→ **WORK TO COMPLETE**
Reproduce exactly only the lines from the line that holds "LG Flatron L1952S User Manual" to the line that holds "VisionFund Portfolio Company IonQ's Logo", inclusive, in the listing below, and please leave out every picture.

→ **SUPPLIED RECORDS**

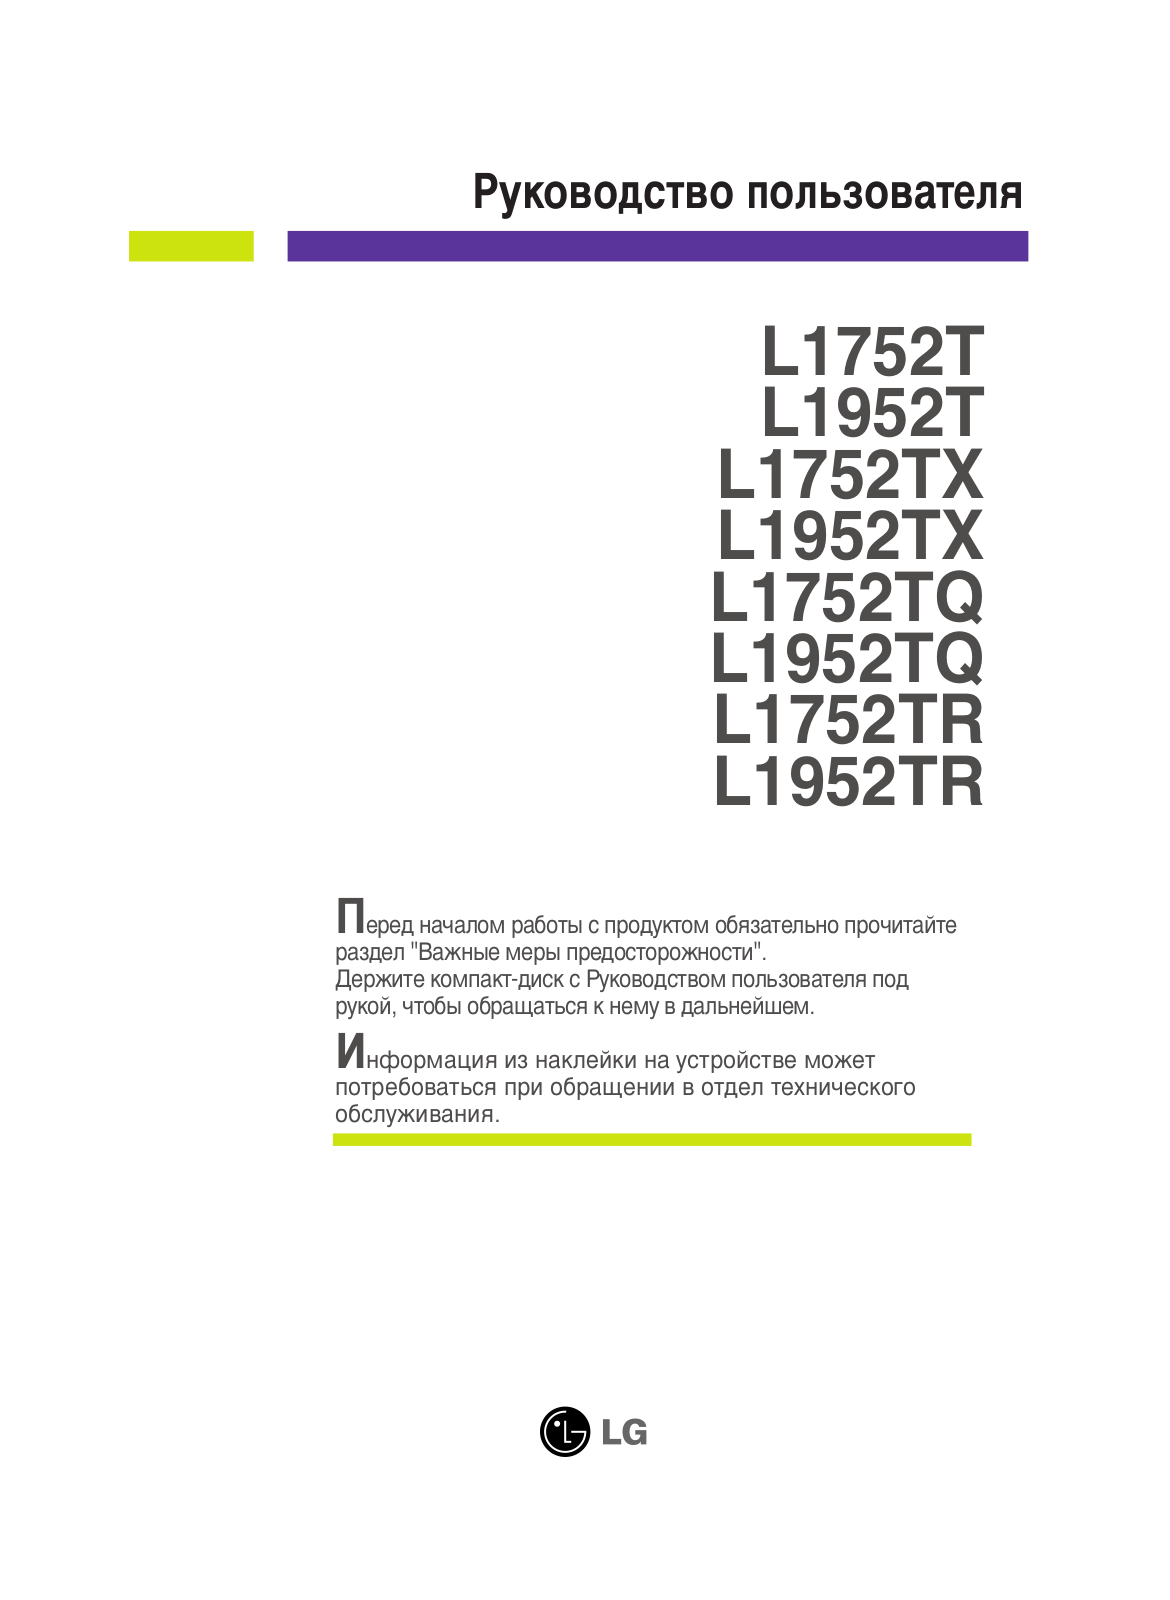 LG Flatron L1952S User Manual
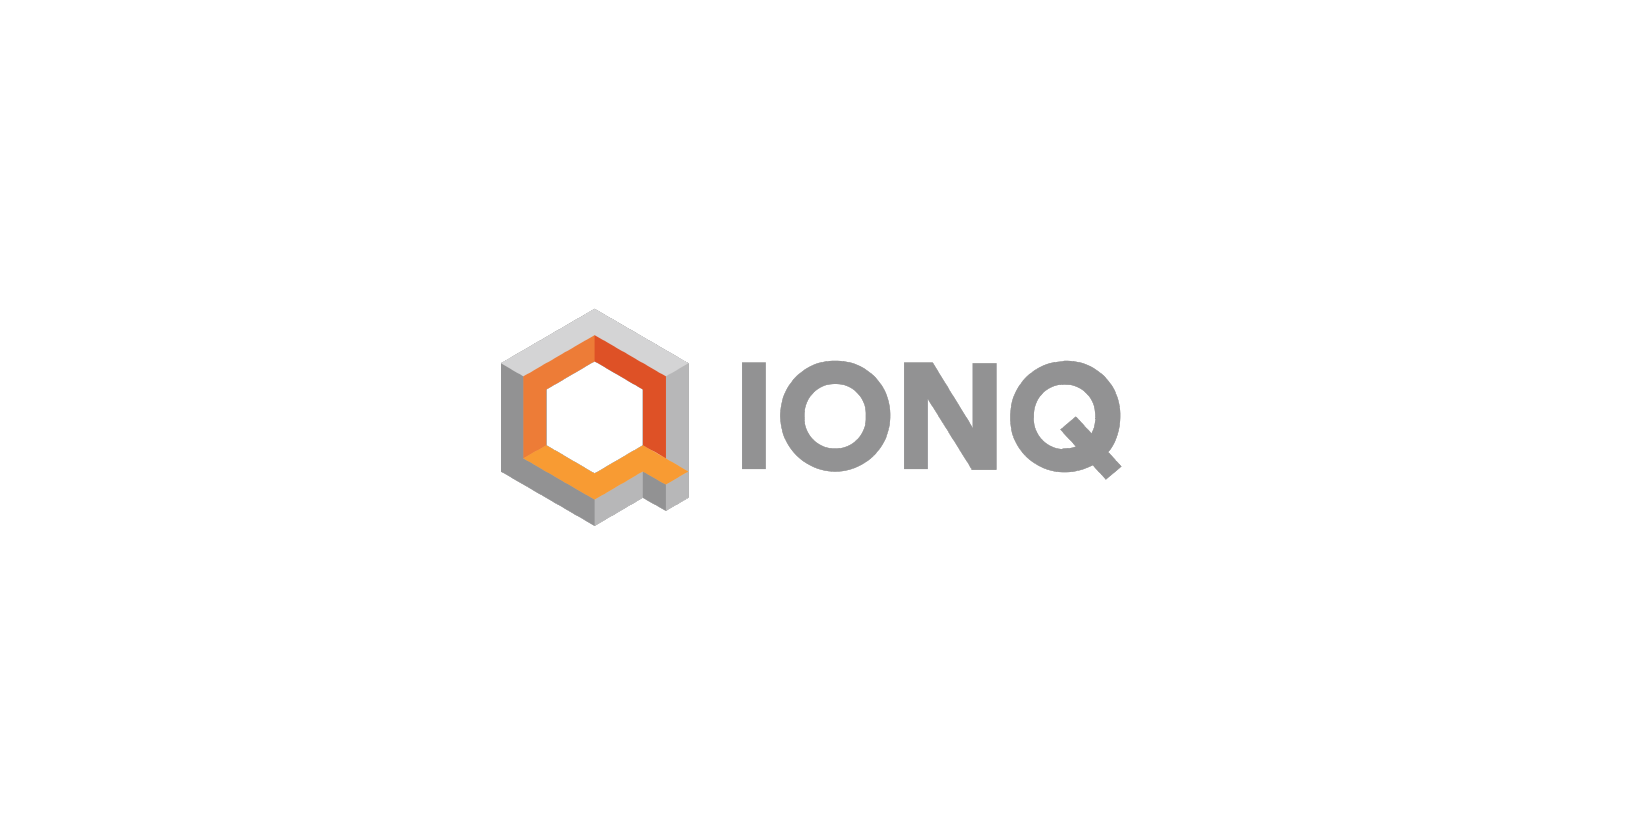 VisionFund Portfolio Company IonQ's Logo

==

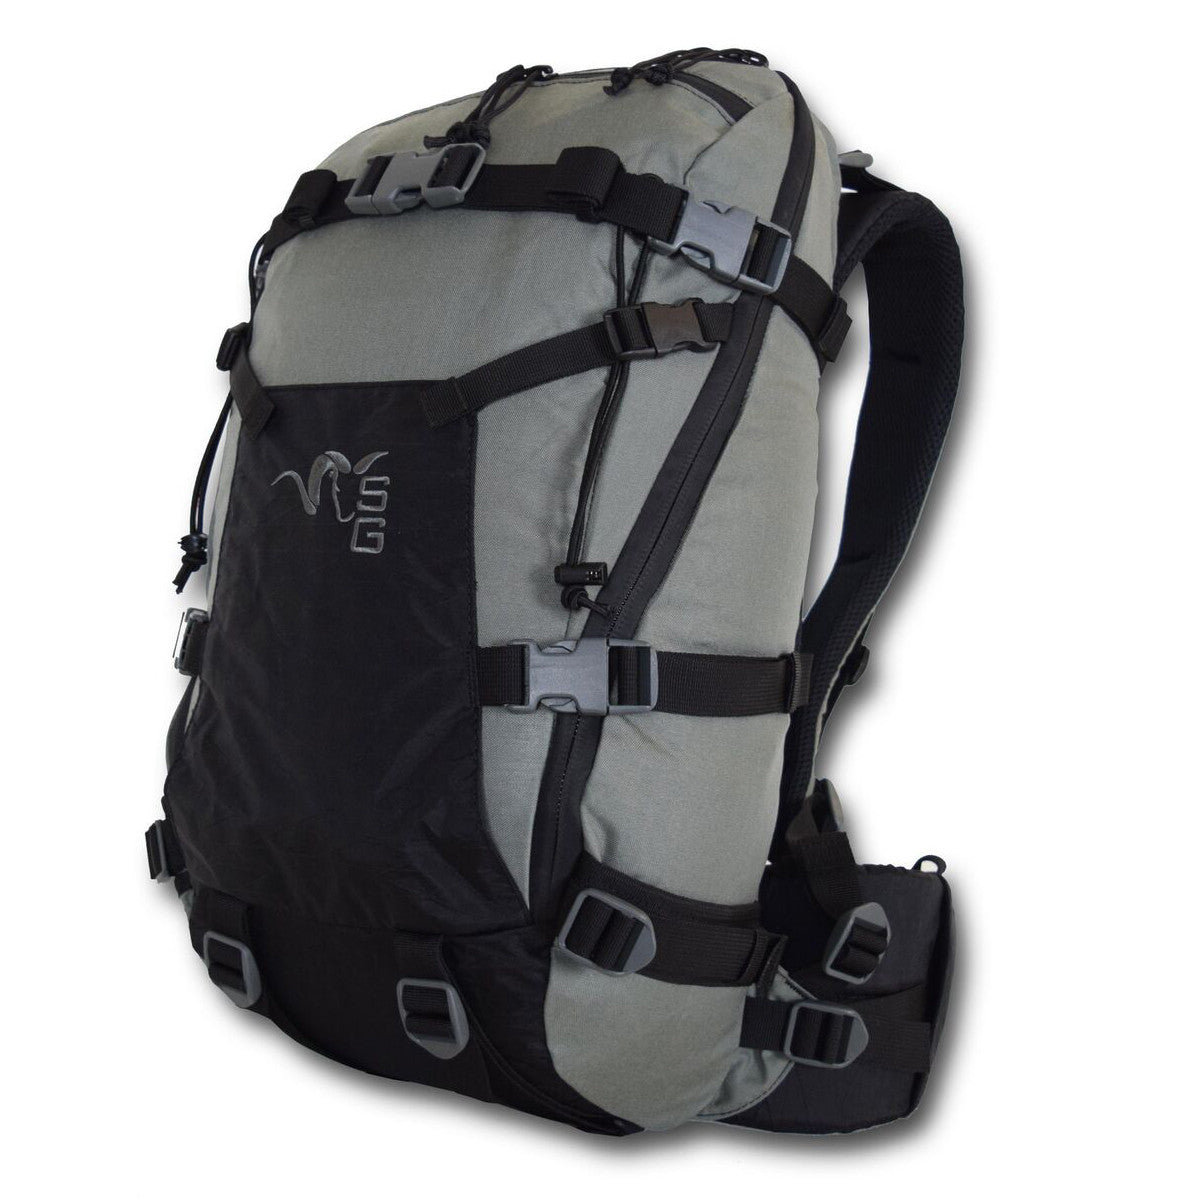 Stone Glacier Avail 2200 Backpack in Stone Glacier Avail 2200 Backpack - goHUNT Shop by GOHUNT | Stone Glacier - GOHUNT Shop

→ **OUTPUT OF THE TASK**
 LG Flatron L1952S User Manual
 VisionFund Portfolio Company IonQ's Logo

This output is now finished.